4Step 4: Calculate Probability of At Least One Default
The probability of at least one default is the complement of the probability of no defaults. Therefore, use:\[ P(X \geq 1) = 1 - P(X = 0) \]From the previous step:\[ P(X \geq 1) = 1 - 0.4783 = 0.5217 \]The likelihood that at least one cardholder will default is approximately 0.5217.

Key Concepts

Expected ValueStandard DeviationProbability Mass Function
Expected Value
In a binomial distribution, the expected value is a measure of the center of the probability distribution. It's basically the average number of successes you'd expect to see if you repeated the experiment many times. In the context of the problem provided, the expected value tells us how many cardholders from the Hilo branch might default on their credit cards based on historical data.
The formula to calculate the expected value for a binomial distribution is \( E(X) = n \cdot p \), where \( n \) represents the number of trials, or in this case, the number of new credit cardholders (12). The \( p \) is the probability of success, which here is the 7% default rate (0.07) reported by the Bank of Hawaii.
  • Expected Value (\( E(X) \)): It is calculated by multiplying the total number of cardholders by the probability of default. Thus, \( E(X) = 12 \cdot 0.07 = 0.84 \).
This means, on average, you can expect about 0.84 of the new cardholders to default, which can be interpreted as less than one cardholder on average.
Standard Deviation
The standard deviation in a binomial distribution provides insight into the variability around the expected value. It's a measure of how much we might expect the actual number of defaults to "deviate" or differ from the expected value of 0.84 over multiple trials.

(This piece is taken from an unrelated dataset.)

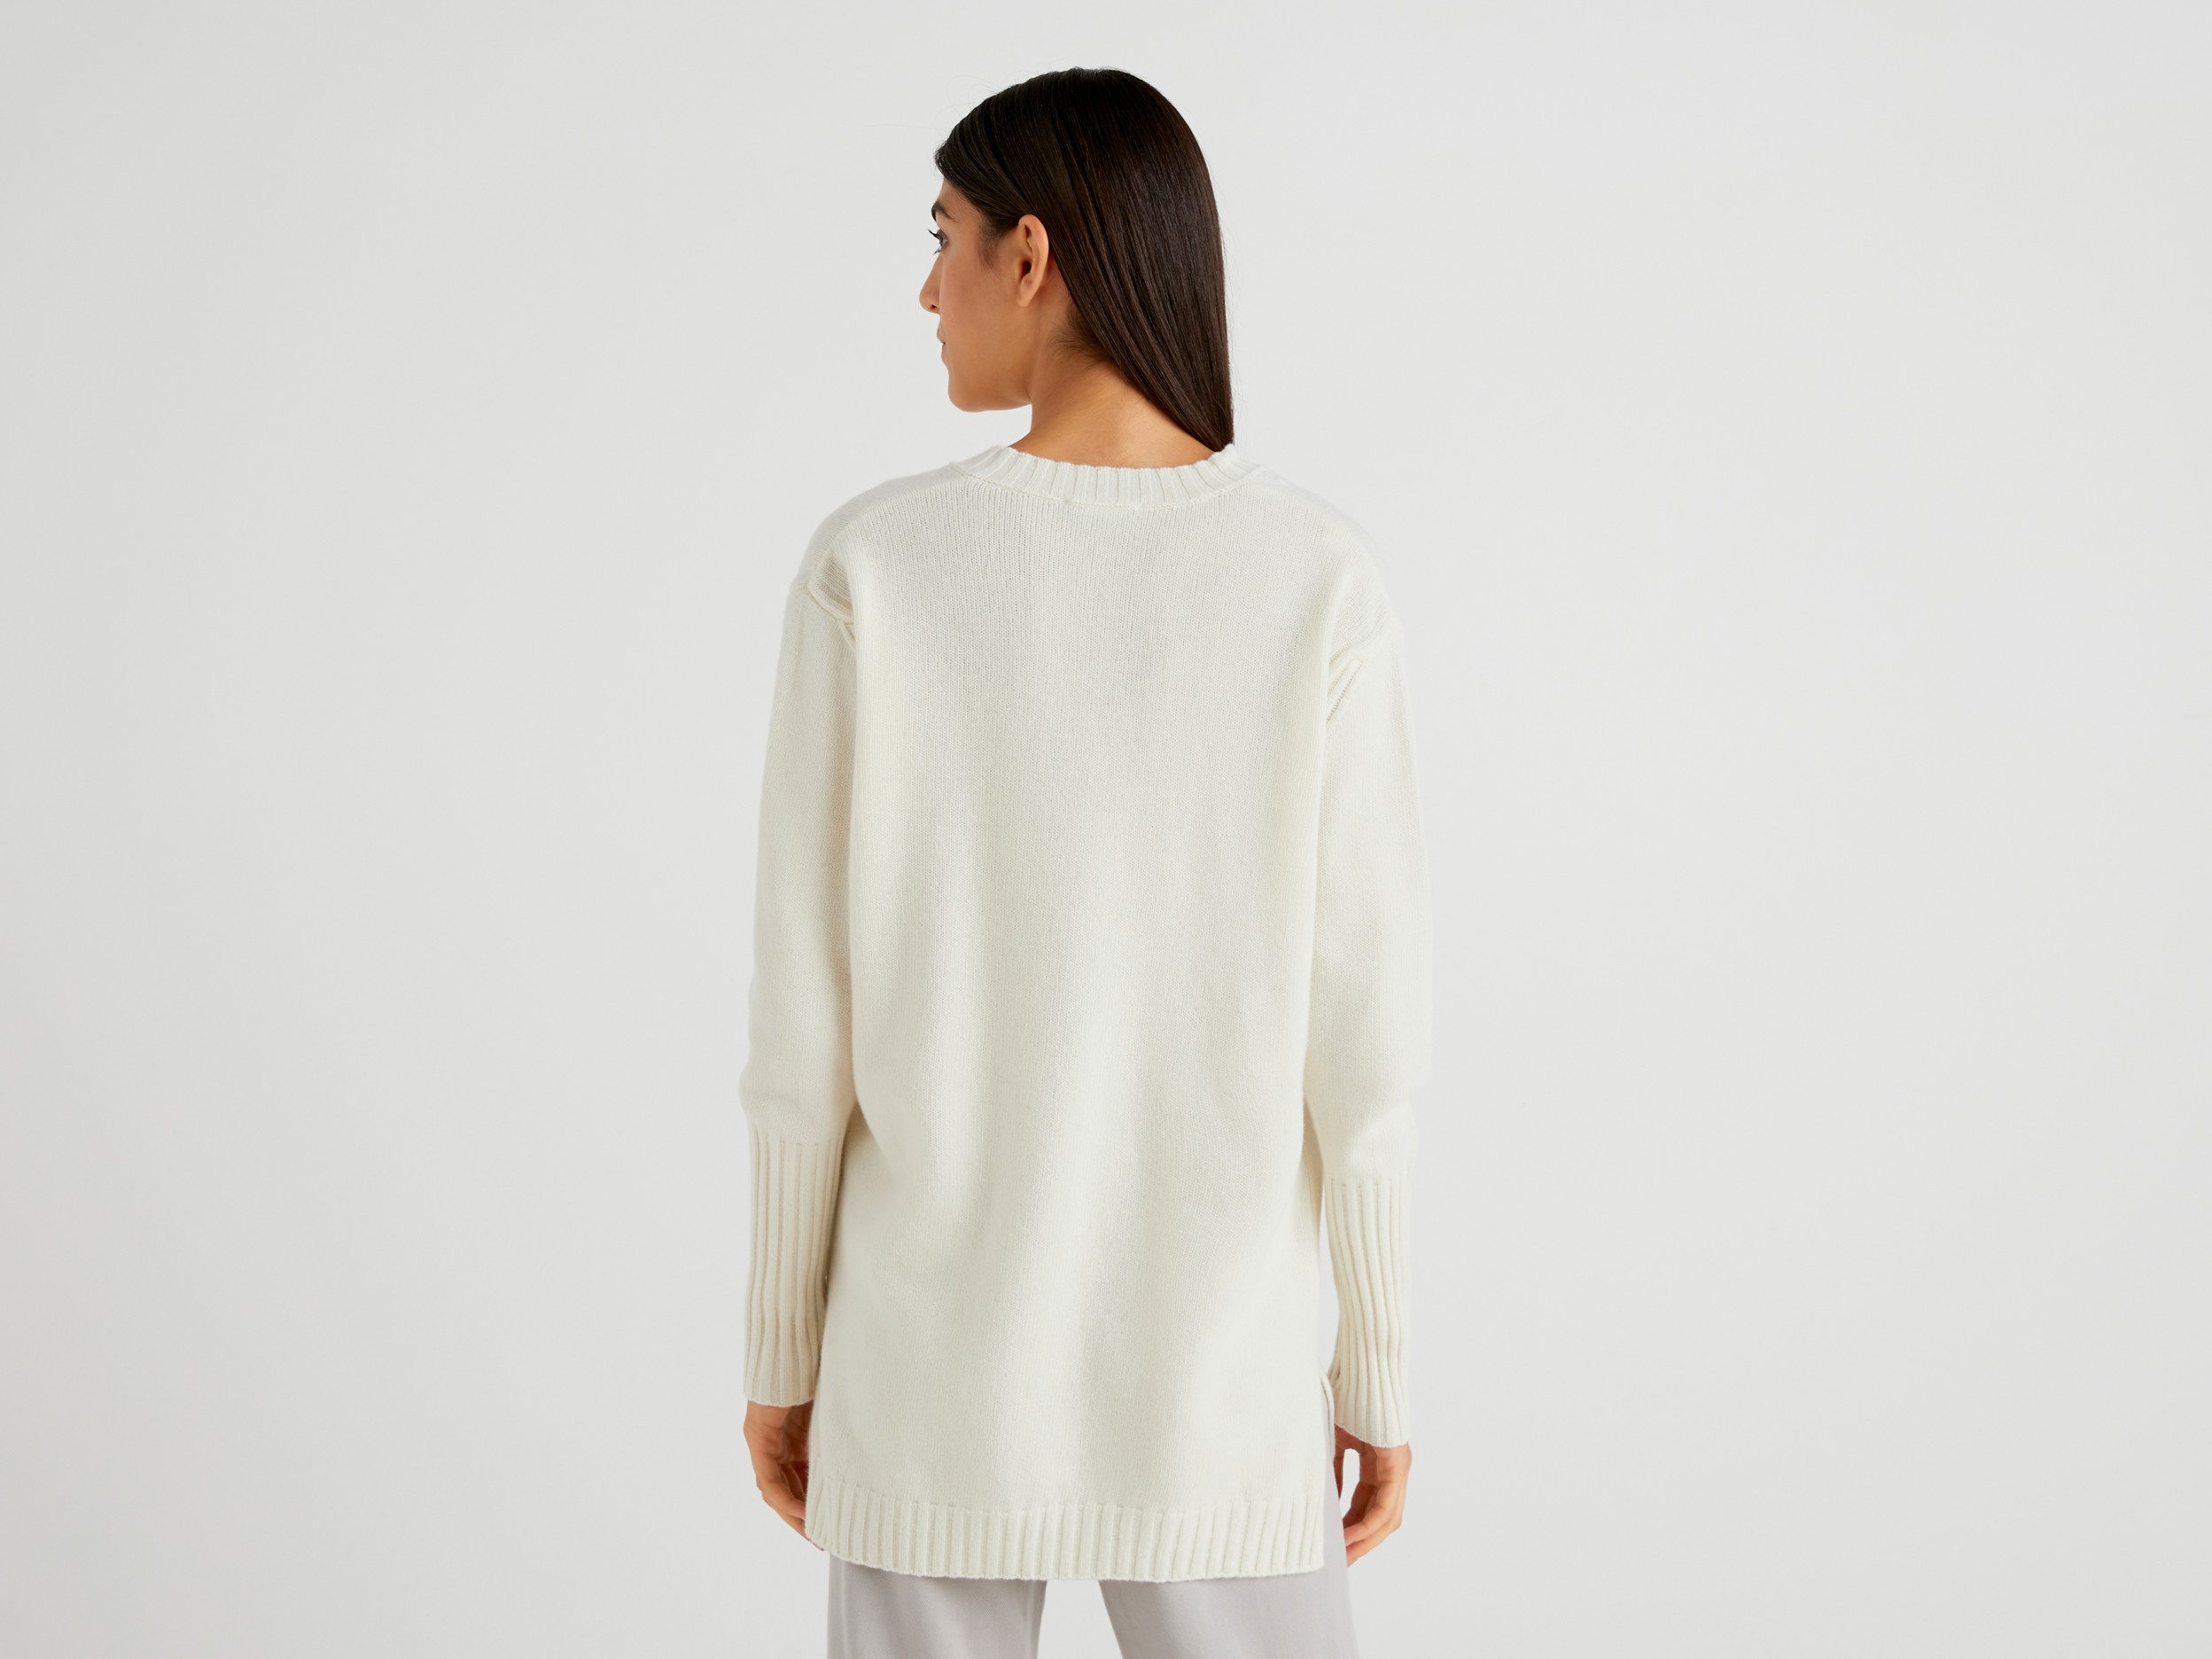 Benetton, V-Neck Sweater In Wool Blend, Taglia L-Xl, Creamy White, Women

The formula for the standard deviation of a binomial distribution is \( \sigma = \sqrt{n \cdot p \cdot (1-p)} \). Here, \( n \) is the number of trials (12 cardholders), \( p \) is the probability of a cardholder defaulting (0.07), and \( 1-p \) represents the probability of a cardholder not defaulting (0.93).
  • Standard Deviation (\( \sigma \)): Applying the formula, we find \( \sigma = \sqrt{12 \cdot 0.07 \cdot 0.93} \approx 0.8676 \).
This tells us that the number of cardholders who might default is likely to vary by approximately 0.8676 cardholders from the expected value of 0.84.
Probability Mass Function
The Probability Mass Function (PMF) is a function that gives us the probability of a discrete random variable being exactly equal to some value. For a binomial distribution, it helps us calculate the probability of a specific number of successes, which, in this case, is the number of defaults.
To determine the probability that none of the cardholders defaults, we use the PMF formula for a binomial random variable:
\[ P(X = k) = \binom{n}{k} p^k (1-p)^{n-k} \]
For no defaults \((k = 0)\), the calculation simplifies, as the term \( p^0 \) equals 1, and you only need \( (1-p)^n \). With 12 cardholders and a 0.07 default probability:
  • Probability of No Defaults: \( P(X = 0) = 0.93^{12} \approx 0.4783 \).
This probability of about 0.4783 is the chance that none of the cardholders will default.
To find the probability that at least one person defaults, note that it is the opposite of none defaulting. So, you subtract the probability of none defaulting from 1:
  • Probability of At Least One Default: \( P(X \geq 1) = 1 - 0.4783 = 0.5217 \).
Therefore, there's roughly a 52.17% chance that at least one cardholder will default.